On 3/23/15 10:43 AM, rumbu wrote:
On Monday, 23 March 2015 at 15:00:07 UTC, John Colvin wrote:
What would be really great would be a performance test suite for
phobos. D is reaching a point where "It'll probably be fast because we
did it right" or "I remember it being fast-ish 3 years ago when i
wrote a small toy test" isn't going to cut it. Real data is needed,
with comparisons to other languages where possible.
I made the same test in C# using a 30MB plain ASCII text file.

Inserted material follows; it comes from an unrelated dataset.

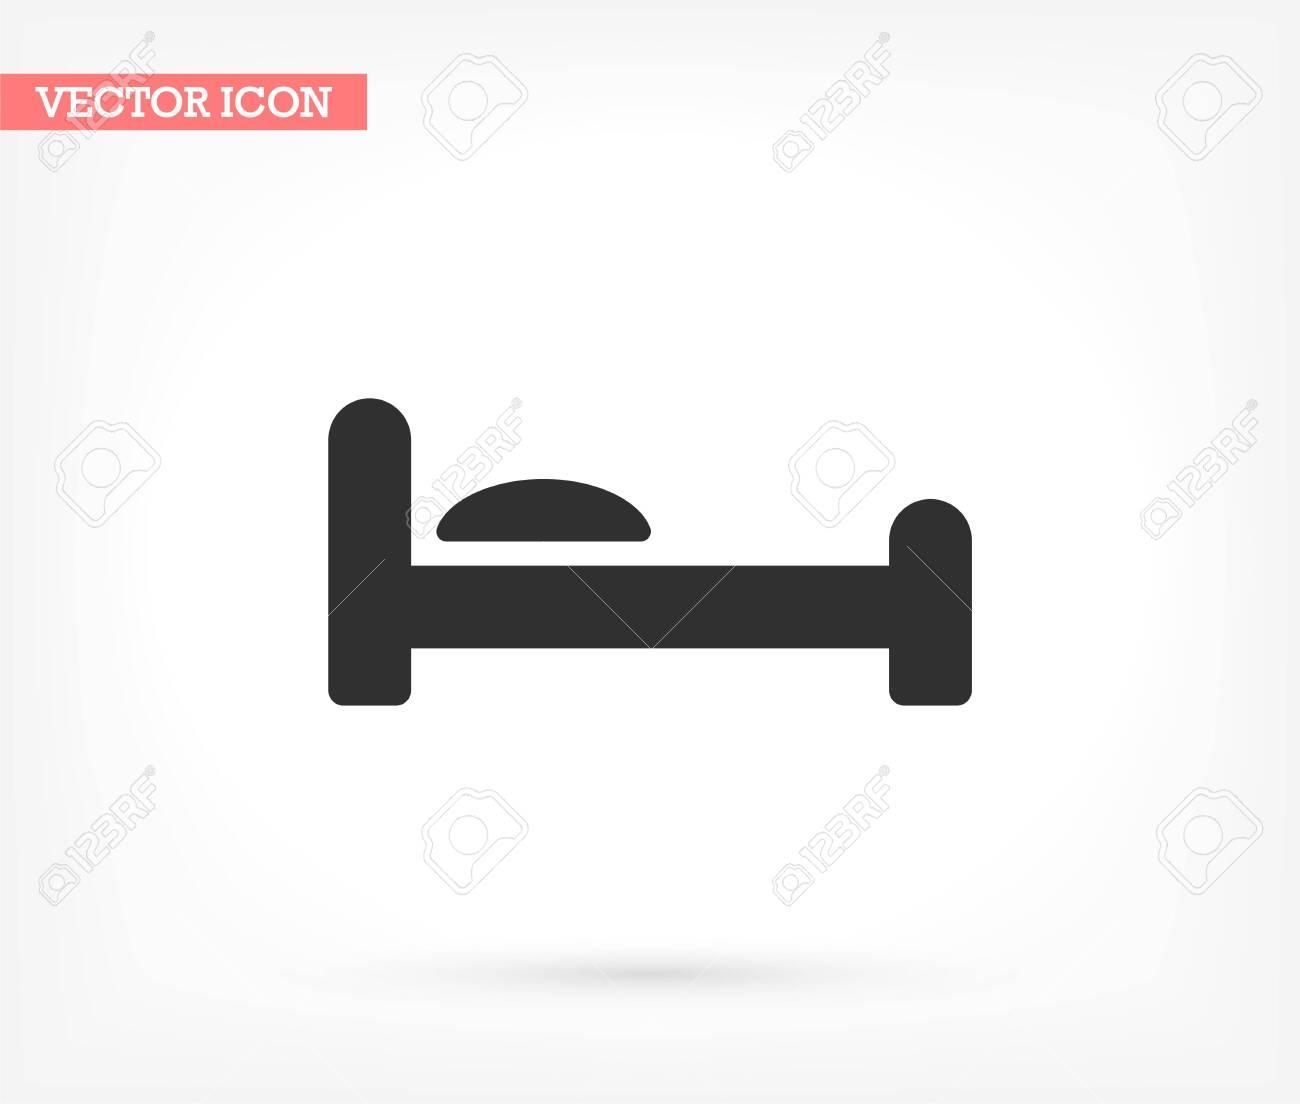 vector icon design 10 illustration - 139158084

Compared
to fastest method proposed by Andrei, results are not the best:
D:
readText.representation.count!(c => c == '\n') - 428 ms
byChunk(4096).joiner.count!(c => c == '\n') - 1160 ms
C#:
File.ReadAllLines.Length - 216 ms;
Win64, D 2.066.1, Optimizations were turned on in both cases.

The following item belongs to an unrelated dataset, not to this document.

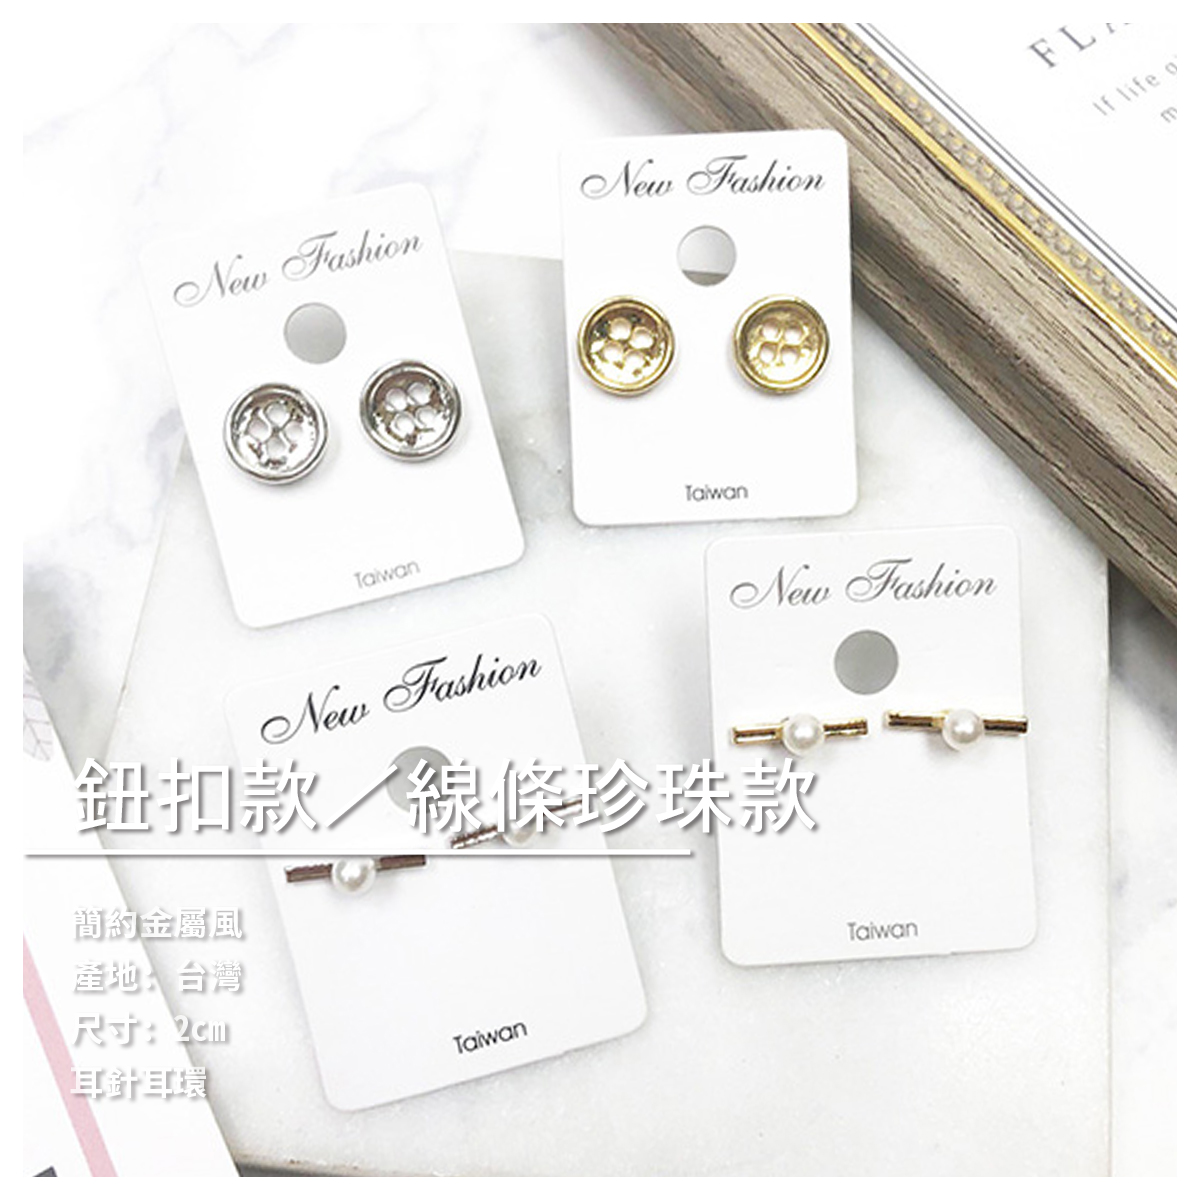 【JG飾品】鈕扣款/線條珍珠款 耳針耳環 2款

The .net code is clearly not performance oriented
(http://referencesource.microsoft.com/#mscorlib/system/io/file.cs,675b2259e8706c26),
I suspect that .net runtime is performing some optimizations under the
hood.
At this point it gets down to the performance of std.algorithm.count,
which could and should be improved. This code accelerates speed 2.5x
over count and brings it in the zone of wc -l, which is probably near
the lower bound achievable:
auto bytes = args[1].readText.representation;
for (auto p = bytes.ptr, lim = p + bytes.length;; )
{
import core.stdc.string;
auto r = cast(immutable(ubyte)*) memchr(p, '\n', lim - p);
if (!r) break;
++linect;
p = r + 1;
}
Would anyone want to put some work into accelerating count?
Andrei